しかし、その料理のレベルん高さは名店に引けを取りません。
蕎麦は、ぬき実を石臼製粉した十割蕎麦の生粉そばと玄蕎麦を手挽きした田舎そばの2種類。
それぞれつゆを変えて、提供されます。
どちらも風味、味、食感ともに優れたバランスで蕎麦の美味さを引き出すようにこしらえています。
濃い目の辛口には、蕎麦にちょっとだけつけて
余ったつゆは、濃い目のつゆにあわせた蕎麦湯で頂きます。
また、天ぷらや酒肴のレベルも高いです。
天ぷらはサクッとしており、天ぷら専門店の天ぷらといってもよいくらいです。
天だねも海老は身が柔らかくて味が濃いサイマキ海老、穴子は活〆のメソを使用しています。
大きさよりも味の良さを好んだ江戸の伝統を感じます。
天ぷらは、専用の天つゆかローズソルトで頂きます。
ローズソルトは、南米ボリビア産です。美味いものは取り入れる。温故知新ですね(^^)

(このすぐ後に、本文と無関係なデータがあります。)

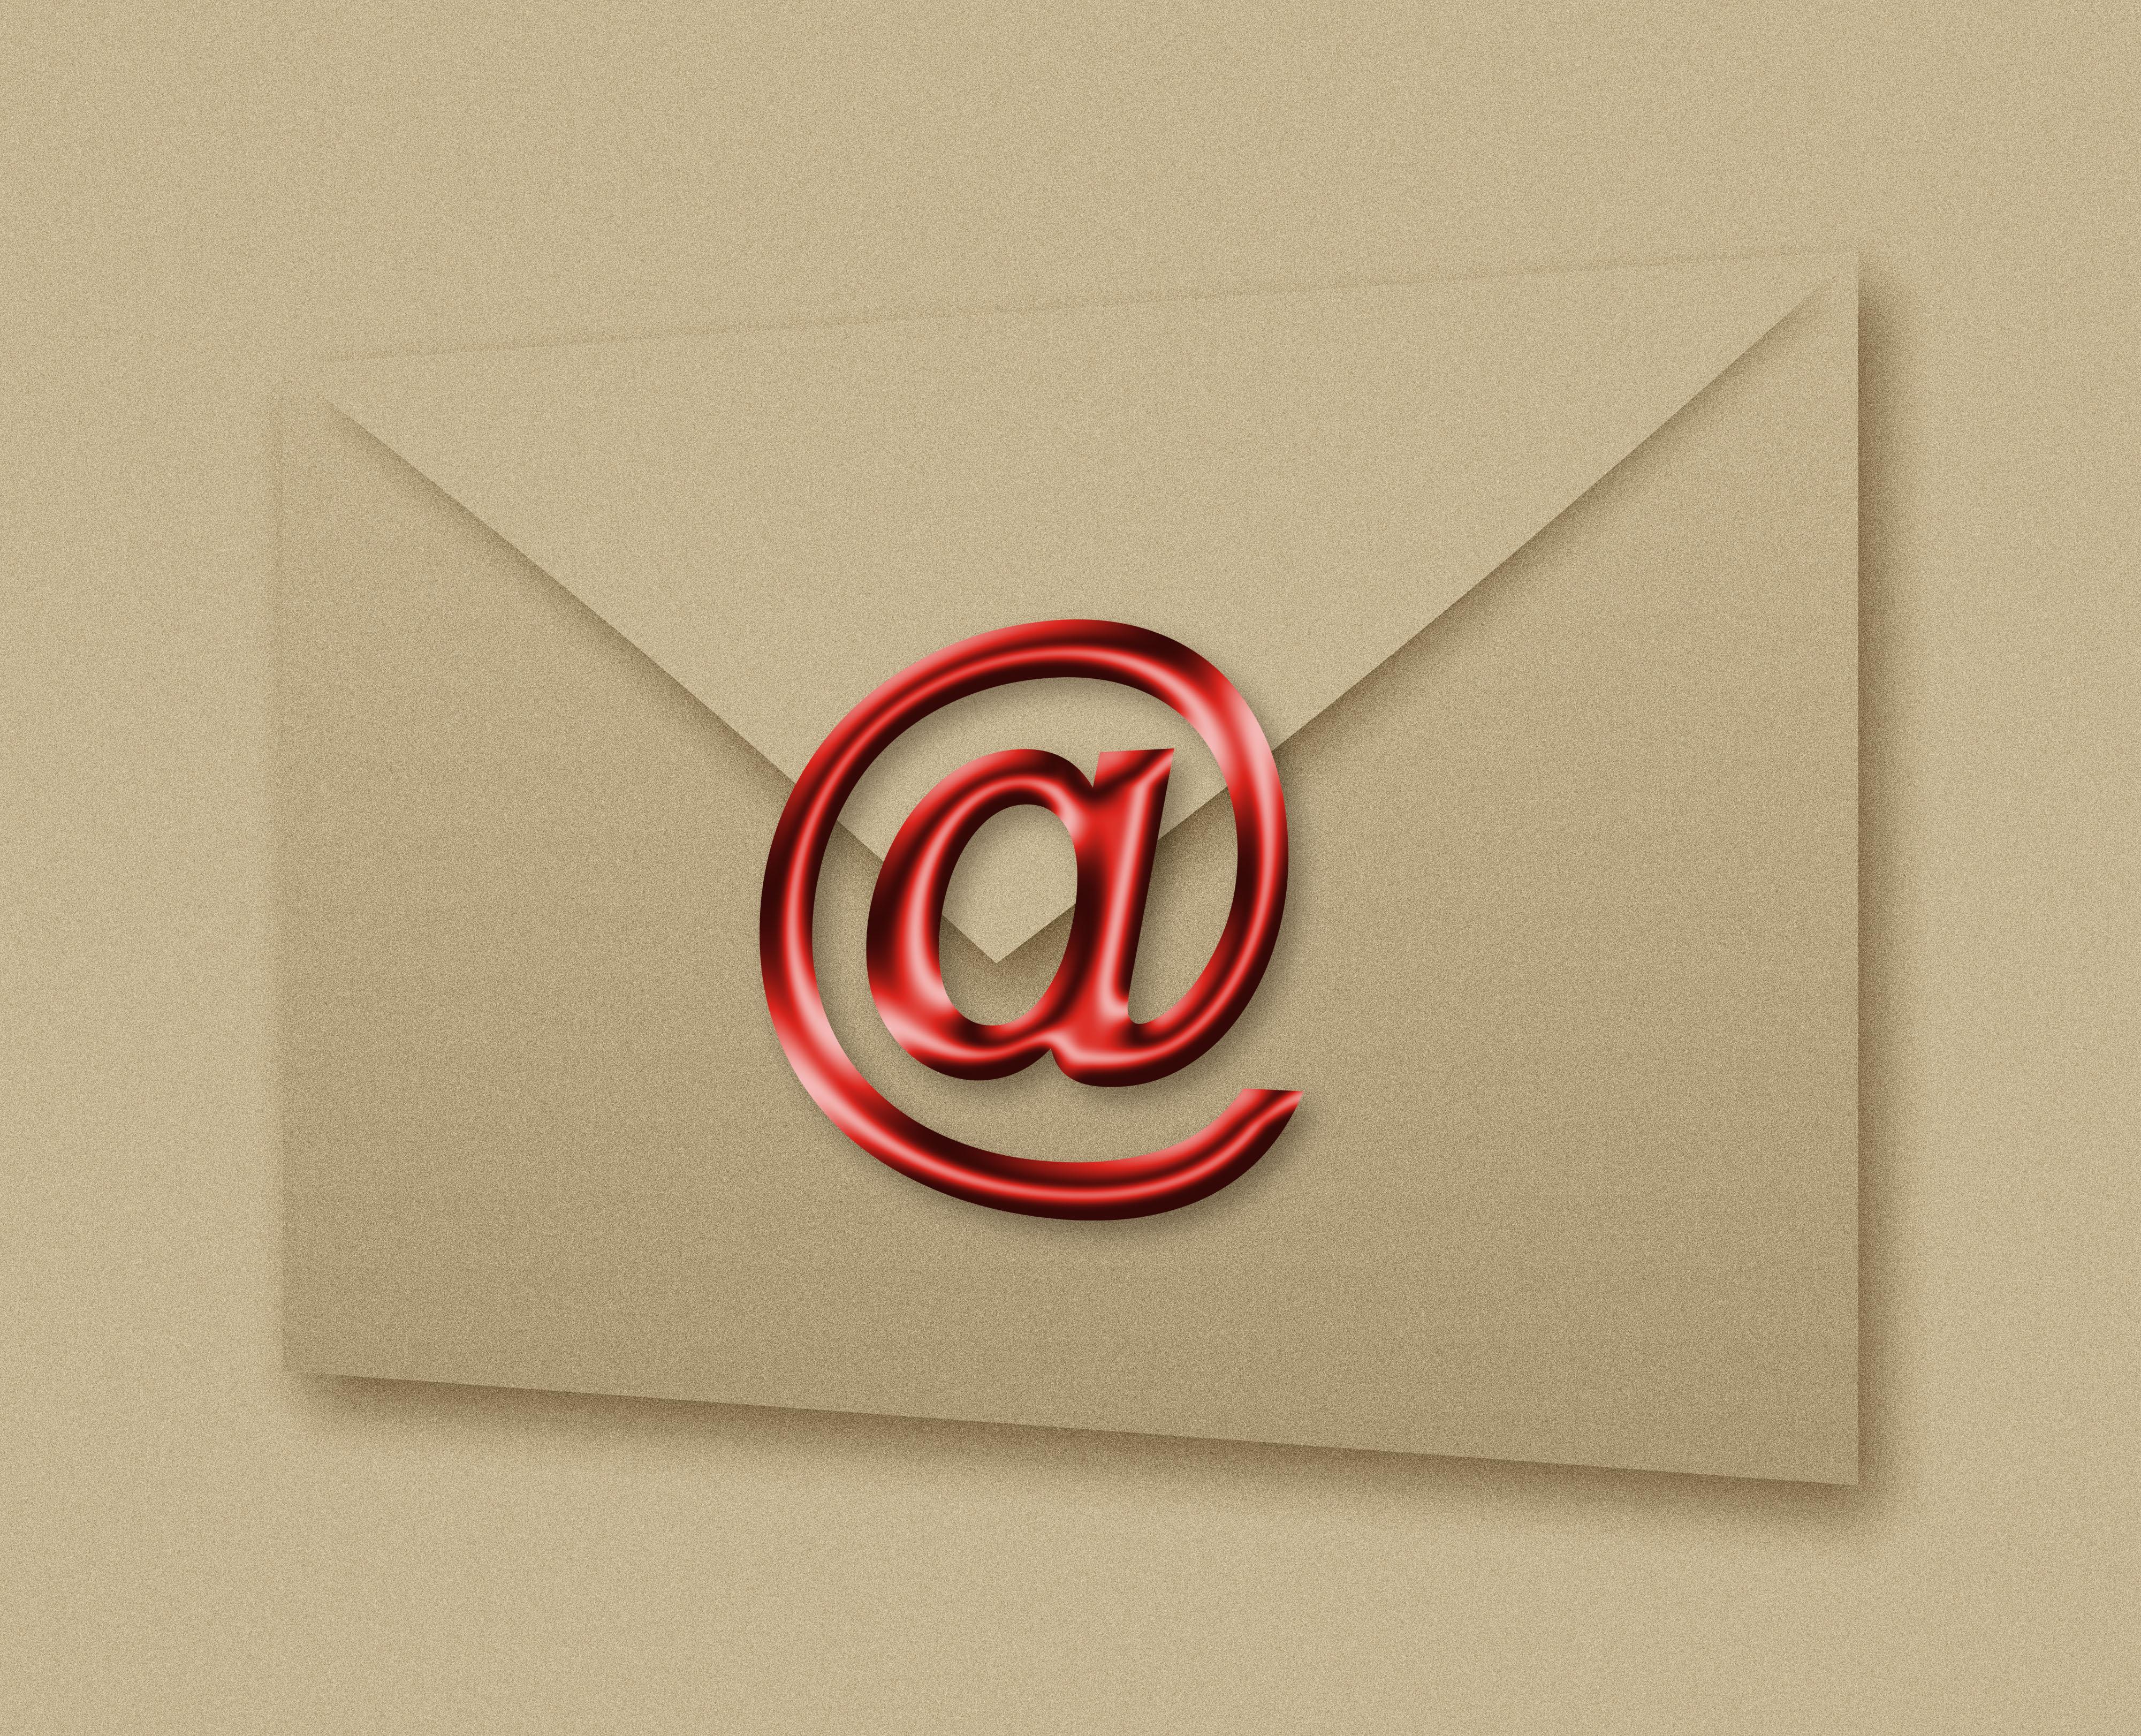 ваши ежедневные нейтральные картинки на аву для почты унаследовала

このローズソルト。もちもちの食感と蕎麦の香りが楽しめるこちらのそばがきとも相性抜群だと思うのです。
山葵醤油で頂くよりも私は好き♡
また、ポンシュ好きには嬉しい地酒が置いてあります。
メニューに載っている田酒、宝剣などの他に今人気の獺祭や取扱店が限られている山形正宗辛口純米も仕入れてあったりします。
肴には、ふっくら炊いたにしんの旨煮、焼味噌、美しくふわふわの出汁巻玉子(夜のみ)など本格的な蕎麦屋酒が楽しめるのポイントをあげています。